本当に手探り状態で毎日悩んだのを覚えています。でも初めて生徒の演奏を見たとき、高校生の出す音楽ってすごいなって思いました。軽音楽はちょっとやんちゃな子たちが、ジャカジャカやっているというイメージがあったのですが、みんなしっかり挨拶もするし、真剣に音楽に取り組んでいたんです。
今でも忘れない記憶として、私がスニーカーエイジに初めて取り組んだときの感想は、「こんなにすごい演奏ができるのか!高校生の力ってすごい!」って、純粋に心から思いました。

「個性や魅力を引き出した上で全力でやればよい」、それが和歌山高校のスタンスです。大会に出場する生徒たちがもっている素質を120%引き出して、個性のバランスを整えることが顧問の一番の役割だと考えています。

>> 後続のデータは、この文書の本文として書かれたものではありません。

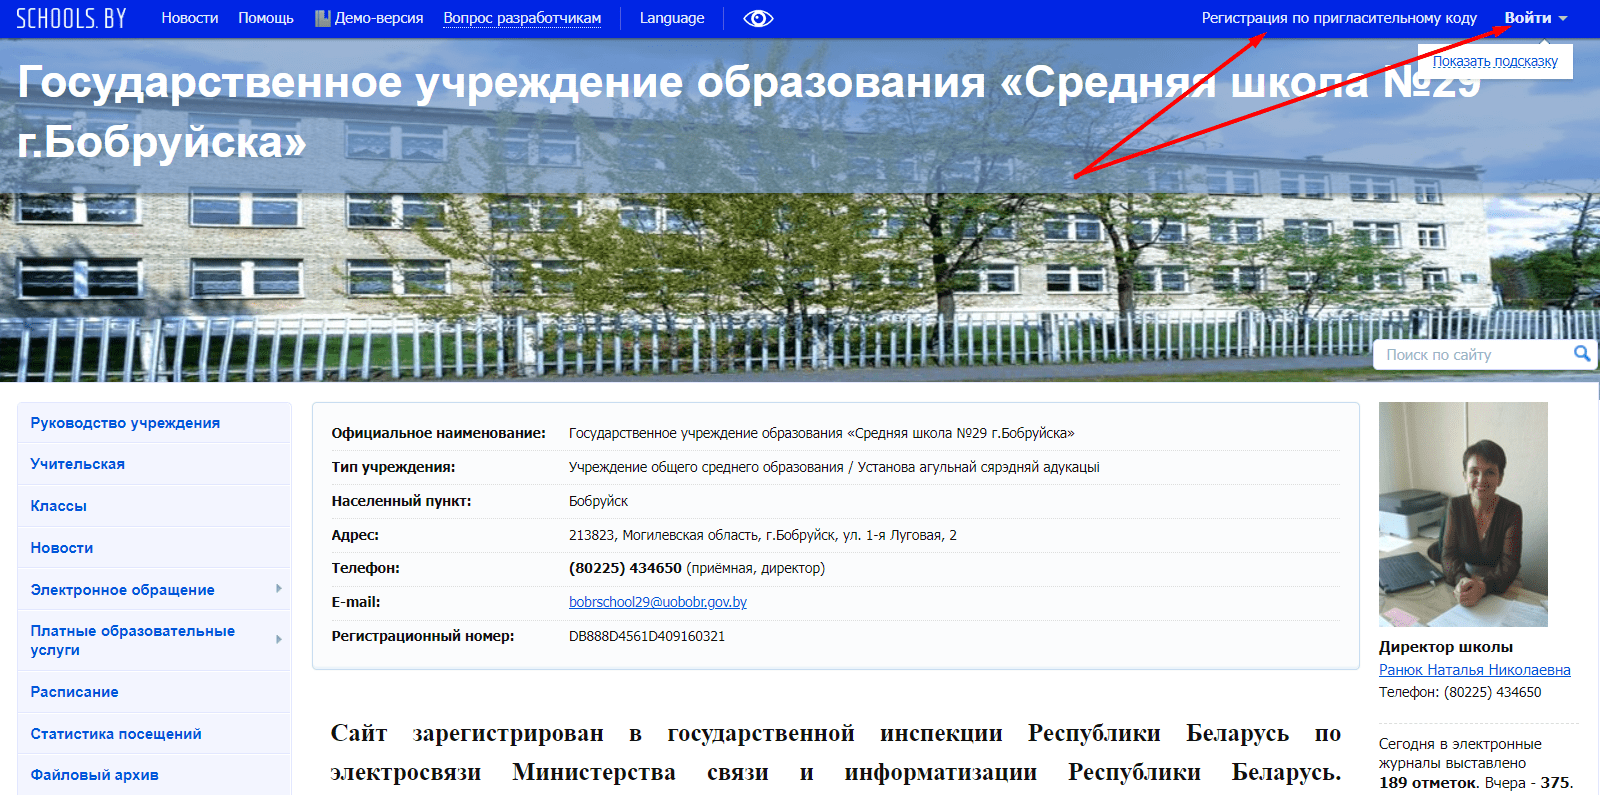 Средняя школа №29 г. Бобруйска (29bobruisk.schools.by)

技術の向上は自分個人との闘いですので、とことん自身と向き合ってもらうしかありません。それはどこの学校の生徒さんも同じだと思います。その上で、特に和歌山高校の役割と言えば、キャラをうまく引き出すことだと考えております。
手前味噌で申し訳ないですが、和歌山高校の生徒達はよい意味でおもしろく個性的、キャラの立つ子達が多いんです。毎年、クラブの生徒たちの「個性や魅力を引き出した上で全力でやればよい」ということが和歌山高校のスタンスです。昨年はボーカルを担当していた生徒のキャラを生かすために、郷ひろみさんの「2億4千万の瞳」を自由曲に選びました。生徒同士の会話の内容を聞いていると、本当に面白いんですよね。
一人のキャラを前面に出すことが大事ではなく、大会に出場する生徒たちがもっている素質を120%引き出して、個性のバランスを整えることが顧問の一番の役割だと考えています。

生徒たちには、その個性をステージで出しきってほしいです。